Prosecutors had asked that Singer be sentenced to six years, saying that he was the person to profit most from the scheme and “the most culpable participant in it.” Singer’s attorneys asked that he be sentenced to three years of probation with 12 months of required home detention and community service.

Billing himself as a college admissions consultant, Singer paid off test proctors and administrators to cheat on college entrance exams. He also bribed college coaches and school staff to label prospective students as athletic recruits with fake credentials, officials said.

Authorities said he took in more than $25 million as part of the scheme, which ran from about 2011 to 2019, and paid over $7 million in bribes.

He began cooperating with investigators probing the scheme in September 2018, after being confronted by authorities. Dozens of people were subsequently arrested, including Huffman and Loughlin and her husband, fashion designer Mossimo Giannulli.

Singer pleaded guilty to charges including racketeering conspiracy, money laundering conspiracy and conspiracy to defraud the United States, in 2019.

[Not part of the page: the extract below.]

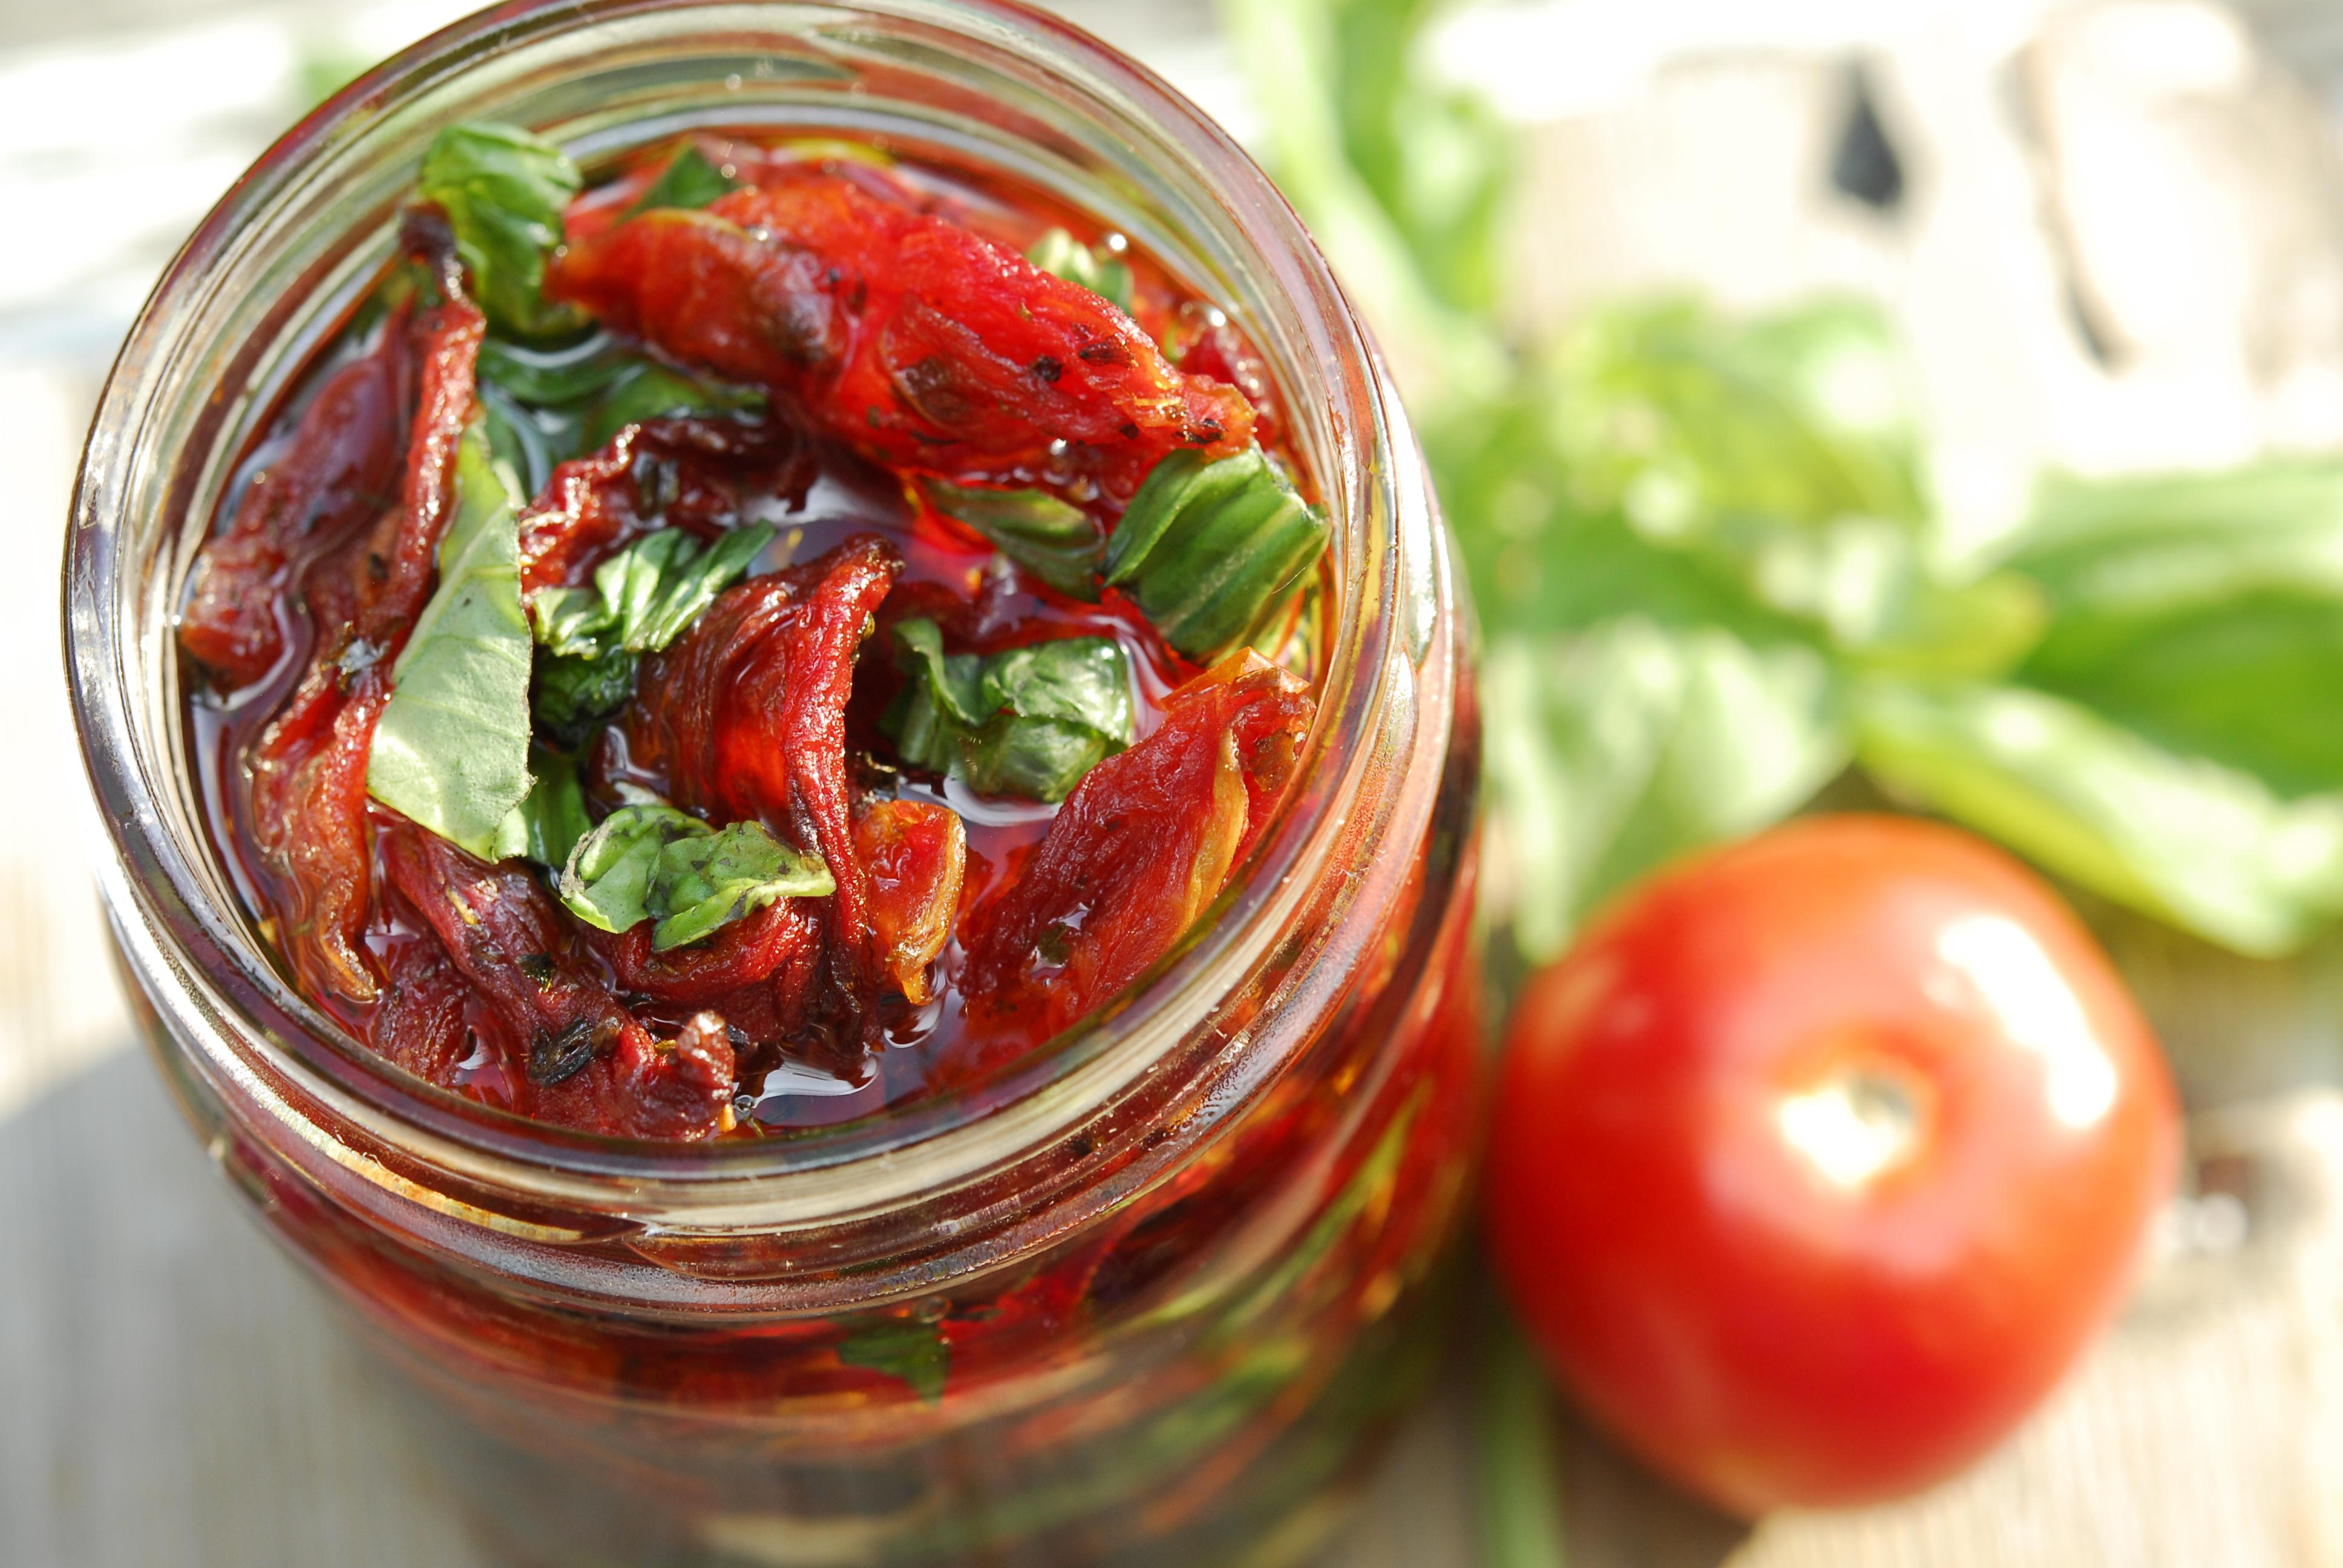 vjalenye pomidory

In court, Singer apologized, saying that he became too focused on “winning and keeping score” and allowing his moral compass to slide, CNN reported.

“I lost my ethical values and have so much regret,” he said, according to the news network. “To be frank, I’m ashamed of myself.”

Several other people also pleaded guilty in connection to the Varsity Blues scandal with their sentences ranging from probation to 2 1/2 years in prison, according to the AP.